Abstract:We study the Laplace equation posed in the unbounded rectangular domain $\Pi = I \times (0,\infty)$ with $I= (0,2\pi)$, and subject to nonlocal boundary conditions on $\partial \Pi$ in the trace sense. The analysis is carried out in the Bochner-Sobolev space $W^2_{p,1}(\Pi;X)$, associated with the Bochner space $L^{p,1}(\Pi;X)$, with $ p \in (1,\infty)$ and $X$ is a suitable Banach space. To solve the problem, we employ a generalized spectral method. In particular, we introduce the notion of $\otimes$-basis generated by tensor products and extend the classical scheme known from the scalar case to the present setting.
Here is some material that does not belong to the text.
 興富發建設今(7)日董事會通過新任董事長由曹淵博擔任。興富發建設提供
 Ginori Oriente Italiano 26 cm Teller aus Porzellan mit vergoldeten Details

Moreover, we prove that the system of root functions of the corresponding nonlocal spectral problem forms a $\otimes$-basis in $L^p(I;X)$.
| Comments: | 16 pages |
| Subjects: | Analysis of PDEs (math.AP); Functional Analysis (math.FA) |
| Cite as: | arXiv:2605.25761 [math.AP] |
| (or arXiv:2605.25761v1 [math.AP] for this version) | |
| https://doi.org/10.48550/arXiv.2605.25761 arXiv-issued DOI via DataCite (pending registration) |
From: Lyoubomira Softova Palagacheva [view email]
[v1]
Mon, 25 May 2026 12:15:02 UTC (19 KB)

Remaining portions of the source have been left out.